Here Dan notes that having an in/out tagged makes it hard to spot what changes are breaking, changes to the type are no longer "local" and require knowledge of the entire type system to determine if they are breaking or not.

Others have also made similar points.

The general consensus seems to be that we can solve this by marking tagged as input/output at design time so we can never get into this situation. Most everyone further seems to agree that there's little need for an input-output tagged that can only contain scalars, enums, and other input-output taggeds; and I agree. I'm happy to edit the spec to reflect this (though I'd like to discuss the specific SDL syntax for this) and it ties in nicely with my isOutputType / isInputType introspection additions proposal.

One wild idea to explore to address these "transmutability" concerns is to be explicit about whether a type is intended to be used in the input, output, or both domains, rather than this be implicit based on crawling the member types. -- @leebyron https://github.com/graphql/graphql-spec/pull/733#issuecomment-671597237

Solution:

tagged input Foo {
  str: String!
  int: Int!
}
tagged output Foo {
  str: String!
  int: Int!
}
# No "shared" tagged, at least not currently; we could always add one later.

(I'm quite tempted to use tagged type rather than tagged output to align with the current input/type keywords.)

Why include tagged output?

It seems (not unexpectedly) that the most controversial part of this RFC is whether tagged types should be allowed in the output schema.
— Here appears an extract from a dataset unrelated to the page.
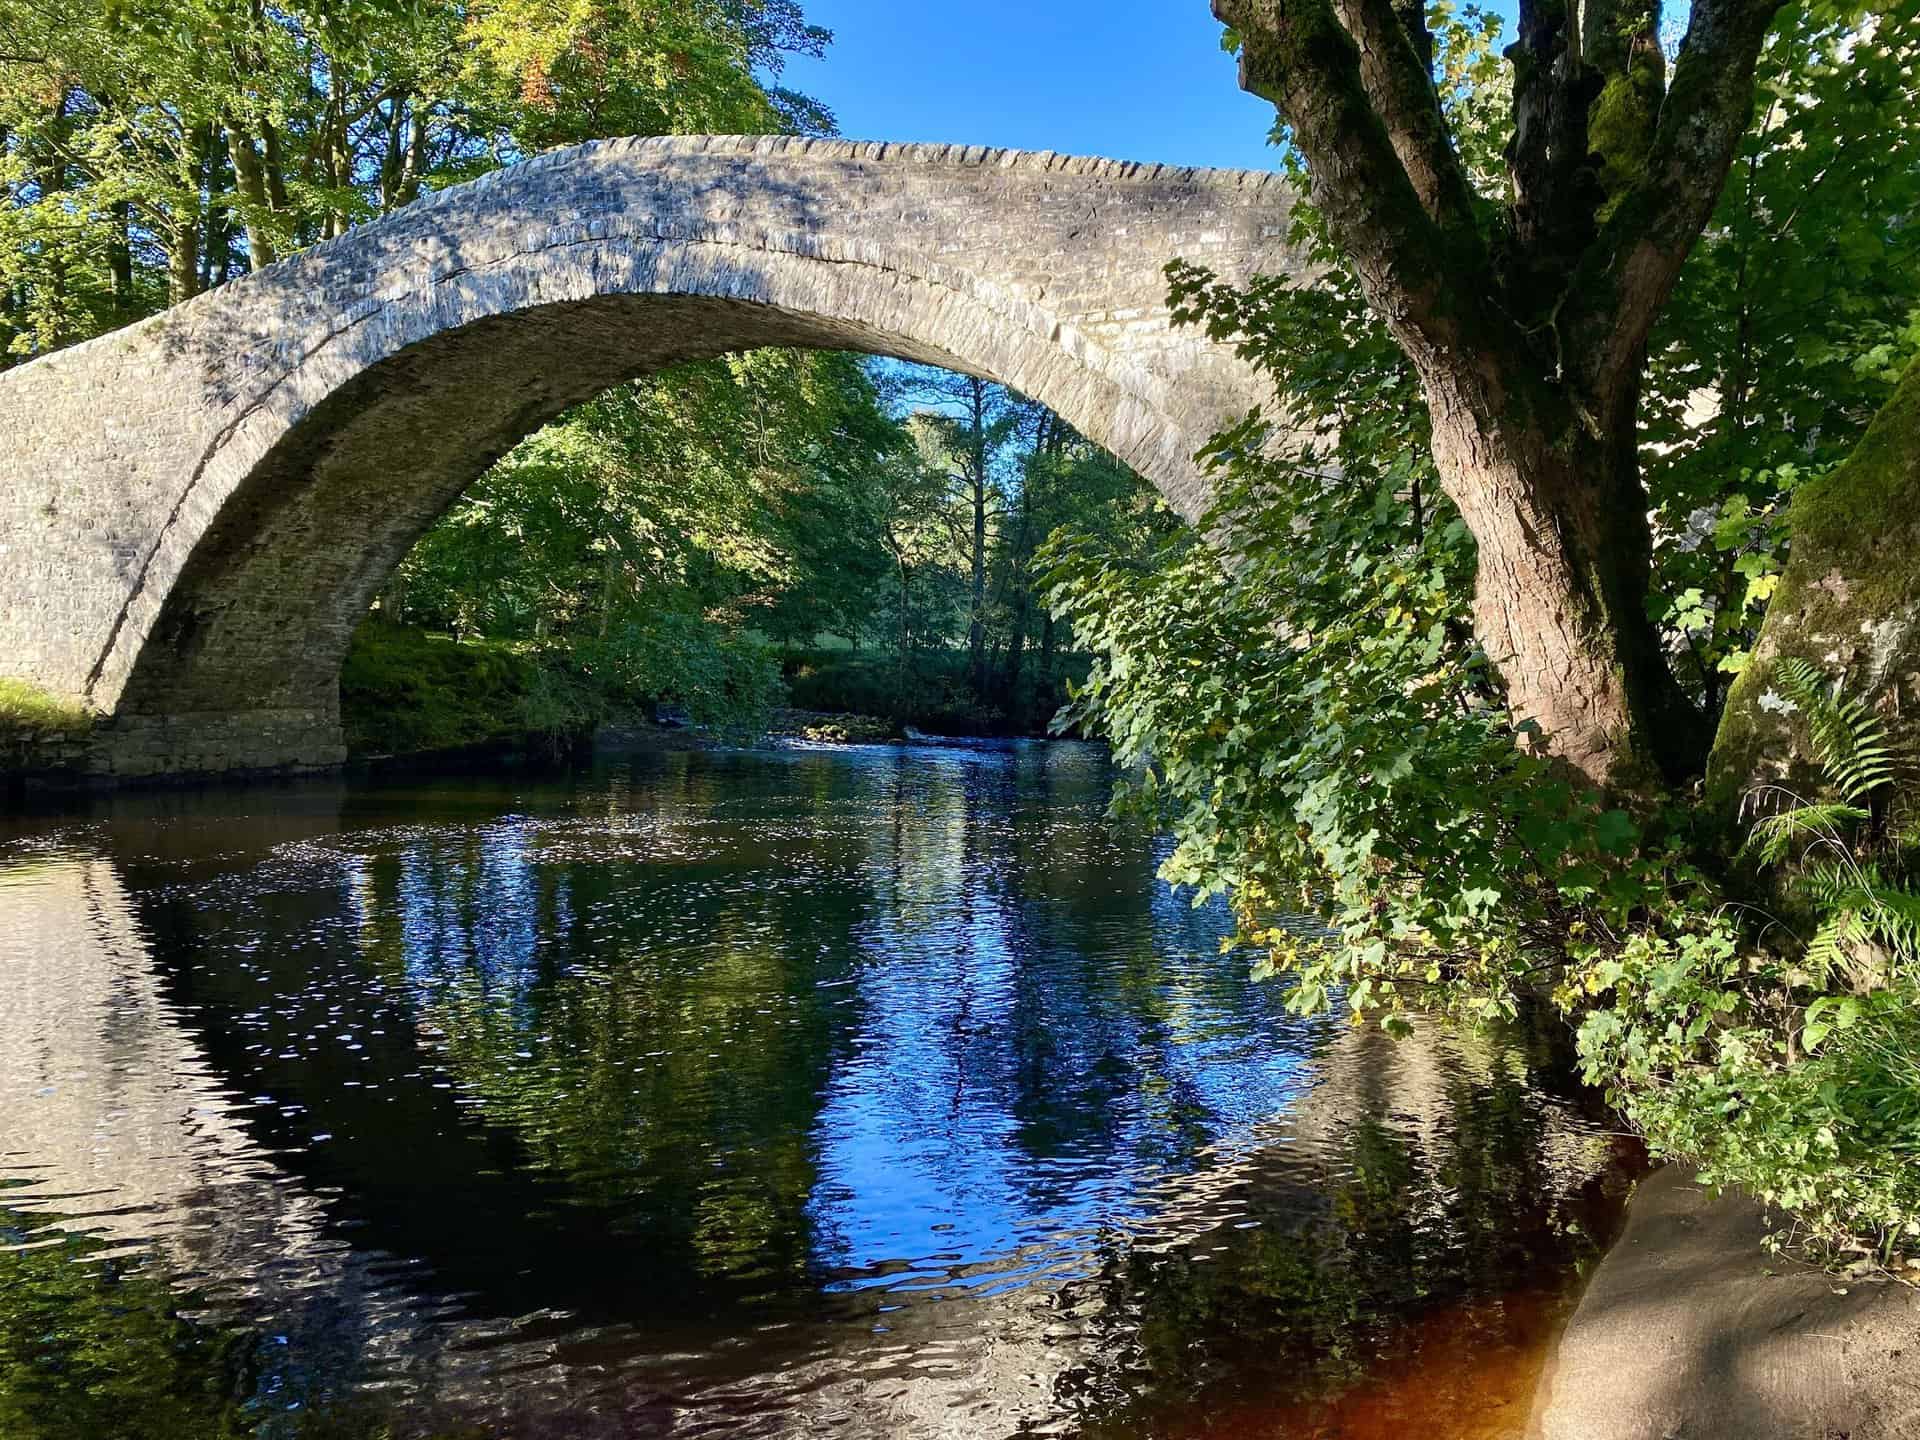 The picturesque Ivelet Bridge gracefully arches over the River Swale in Swaledale, North Yorkshire. Just a stone's throw from the quaint village of Gunnerside, its ancient stones are beautifully illuminated by the sunlight.

To help address this, I thought it would be worthwhile outlining a few reasons why we might want to include tagged in the output schema.

Scalar "unions"

@stubailo proposed allowing unions of Int/String in #215 and it has over a hundred :+1:s and a decent number of replies. Tagged outputs can be used to solve the issue of having a field return one of many different scalar types, and in fact can solve most of the other issues raised in that thread.

This "union of scalars" power is really just a subset of:

"Unions" of all output types (including wrapper types)

tagged brings “unions” of objects, unions, interfaces, scalars, enums and lists to the output schema, whereas GraphQLUnion only allows for objects -- @benjie https://github.com/graphql/graphql-spec/pull/733#issuecomment-670357999

The fact that this solves the "output union contains scalar" problem is indeed a nice feature, and makes the case for including these in the output type system. @dschafer https://github.com/graphql/graphql-spec/pull/733#issuecomment-670585811

Whereas the union type can only include object types as members, tagged outputs support:

  • object types
  • union types
  • interface types
  • tagged output types
  • scalars
  • enums
  • lists (or other wrapper types) of any of the above

The ability of tagged outputs to bring this flexibility to the output schema is particularly relevant to polymorphic data sources such as MongoDB, ElasticSearch, Apache Avro, anything based on JSON, and more where the same field could return different data types for different records. This kind of polymorphic interface is even seen in popular REST APIs such as Stripe's.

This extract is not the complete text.